In the end, we went through 2 bed mats, a bedsheet, and almost 2 boxes of wet-wipes. I left work half an hour late. I'm tempted to not return to that room without full MOPP4 gear.
....and not so much as an apology for unleashing chocolate rain.
Come with me
And you'll be
In a world of
Pure imagination
Take a look
And you'll see
Into your imagination
We'll begin
With a spin
Traveling in
The world of my creation
What we'll see
Will defy
Explanation
If you want to view paradise
Simply look around and view it
Anything you want to, do it
Wanta change the world?
There's nothing
To it
There is no
Life I know
To compare with
Pure imagination
Living there
You'll be free
If you truly wish to be
If you want to view paradise
Simply look around and view it
Anything you want to, do it
Wanta change the world?
There's nothing
To it
There is no
Life I know
To compare with
Pure imagination
Living there
You'll be free
If you truly
Wish to be
Subscribe to:
Post Comments (Atom)
5 comments:
HAHAAHA!! Best story evAr!!
You really should retitle this to "The Greatest Story Ever Told."
It almost makes me hot for these reasons: 1.) the visualization of you pantsing an old hag 2.) FECEEEES, and 3.) Splashback. If I could grow a chub, I would. But I'll bet you already did that night as soon as the stench hit you.
I salute you and your valiance.
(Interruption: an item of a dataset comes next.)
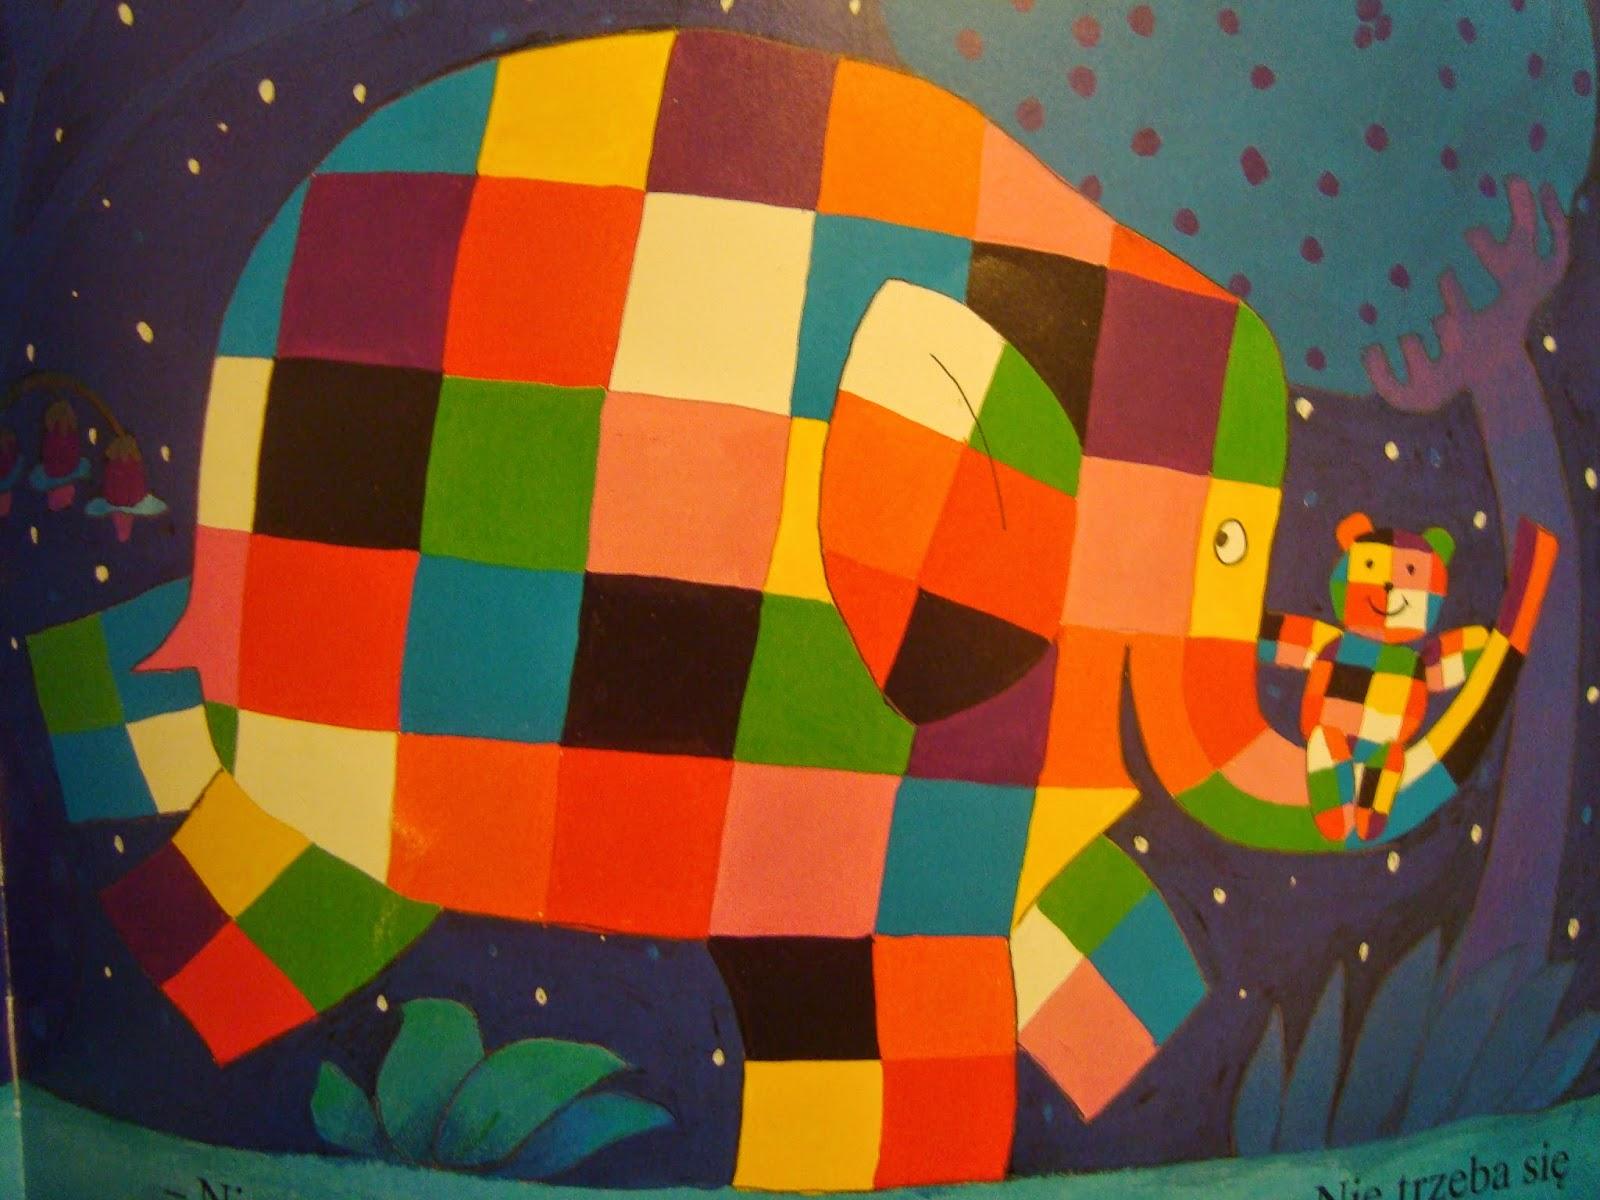 Elmer i zagubiony miś, recenzja, zdjęcia, papilon, McKee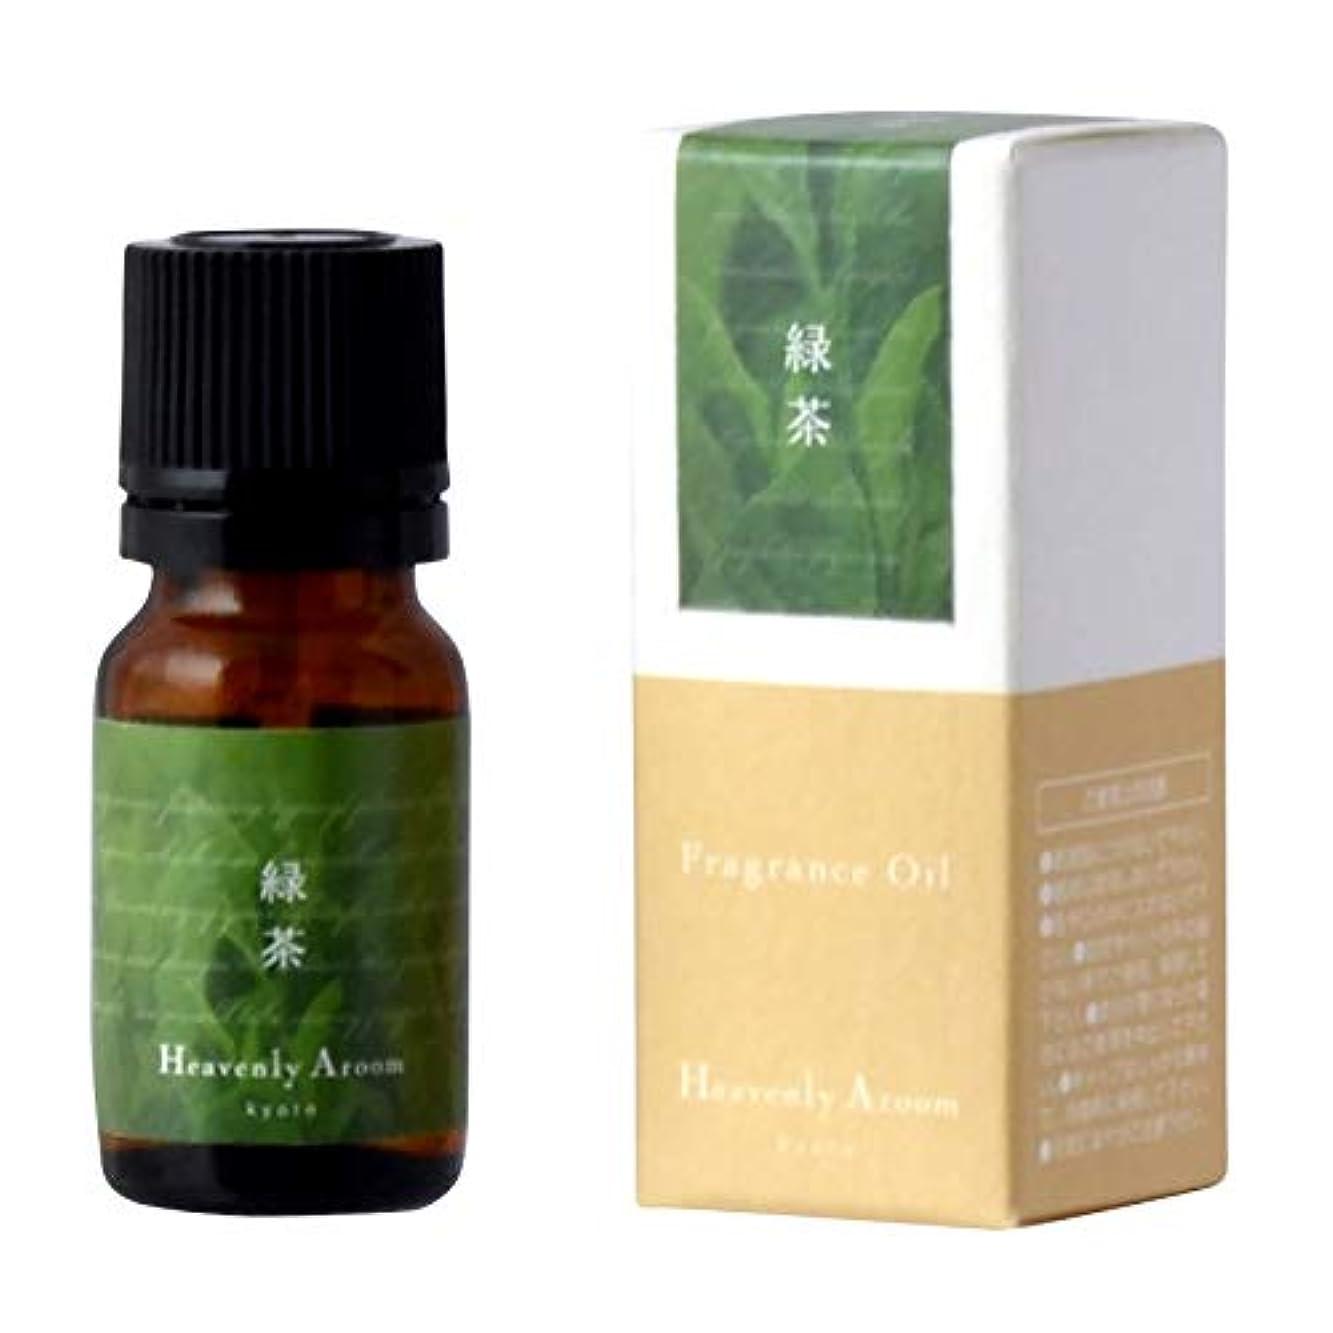 ブラザー印象的ネコHeavenly Aroom フレグランスオイル 緑茶 10ml

You deserve two songs:
For the hot fudge rainbow:
http://www.televisiontunes.com/Hot_Fudge_Show_(The).html
And for the hot fudge rainbow:
http://www.youtube.com/watch?v=jSFLZ-MzIhM
Too bad I can no longer find the clip of "King Shit Shoots" otherwise I'd post that here too.
I have to add one more:
http://www.youtube.com/watch?v=TX-KDnKcCxk
So, are you up for a game of SCATtergories?
A book is a mirror; if an ass peers into it you can't expect an apostle to look out.
What a great web log. I spend hours on the net reading blogs, about tons of various subjects. I have to first of all give praise to whoever created your theme and second of all to you for writing what i can only describe as an fabulous article. I honestly believe there is a skill to writing articles that only very few posses and honestly you got it. The combining of demonstrative and upper-class content is by all odds super rare with the astronomic amount of blogs on the cyberspace.